Environmental moolah mantra

It needs hardly be emphasised today that global warming constitutes the biggest threat to our planet, far more than the devastation caused by all the wars waged for pelf and power. It is therefore a welcome augury that India, which thus far lay outside the weltanschauung of the Kyoto Protocol, and which today is counted as the world’s third largest emitter of greenhouse gases, should unveil its first climate change initiative dubbed the National Action Plan on Climate Change. The new policy does not commit India to green house emission reduction but is loud on what India must do from a domestic standpoint from an adaptation and mitigation perspective. The National Action Plan outlines eight crucial national missions for sustainable development. These include emphasis on solar energy, energy efficiency programmes, creation of a sustainable habitat; conservation of water, preservation of the Himalayan ecosystem, creation of a green India, sustainable agriculture and establishment of a platform of strategic knowledge for climate change. The action plan also proposes sector-wise benchmarks and contributes to its own version of domestic carbon credit trade. It also suggests caps on energy use in polluting sectors, such as thermal power, cement, fertiliser and iron and steel. Going further, it provides for retirement of certain categories of old and inefficient coal-based power plants and phasing out of end-of-life vehicles with the mandatory obligation on the last owners to hand them over at designated collection centres. All the recommendations are very laudable from the climate problem mitigation perspective but the trillion dollar question is whether we will see the proposed measures actioned in our lifetime. How effective the national action plan will be remains to be seen but there is a discernible urgency – and arising out of that are huge economic possibilities.

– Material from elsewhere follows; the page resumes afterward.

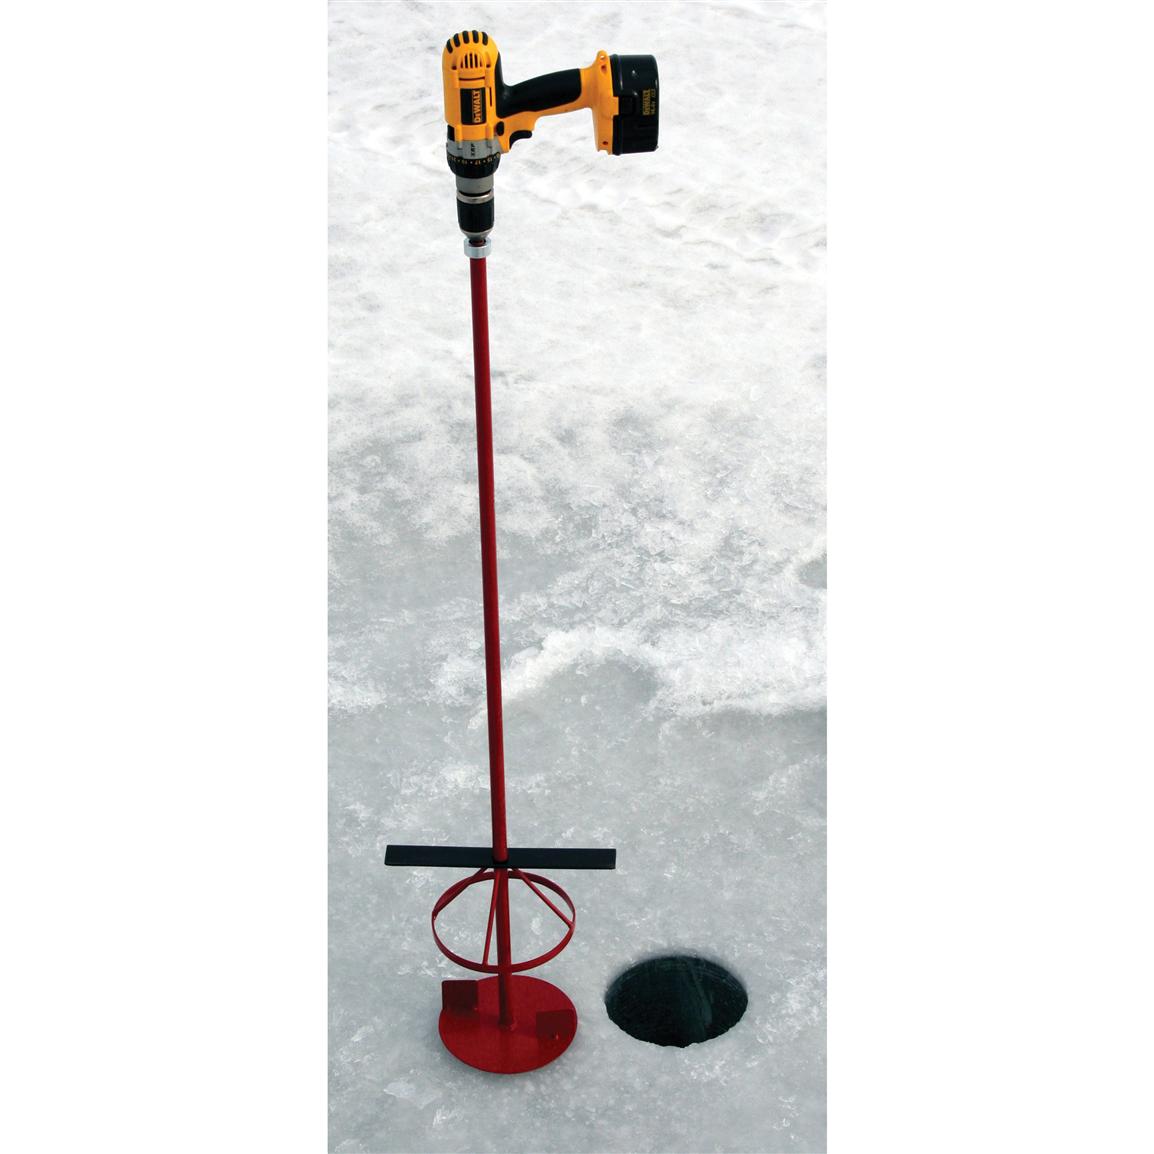 StrikeMaster® Slushmaster 135246, Ice Fishing Gear at

It needs to be emphasised that the policy presents not just an opportunity to go on an environmental correction course but to profit from it to the tune of billions of dollars. In a sense we can profit from environment boil. The prospects include carbon trading mechanisms from which close to $ 100 billion can be garnered by Indian companies by 2010, an opportunity which a industry analyst describes as ethical profiteering. Then there is the chance to benefit from clean technologies – a$3 trillion market for low carbon tech is anticipated by 2050. Further with India’s green building footprint growing from 20,000 sq ft in 2003 to 8.8 million sq ft to date the construction industry is also presented with possibilities of making more moolah.

Economic profit can come along with environmental improvement when India engages its attention on the renewables energy basket. With rising CO2 levels and ecocalypse staring at us a bright future can only lie in embracing options like solar, wind, geothermal and biofuels.
Is India up to it?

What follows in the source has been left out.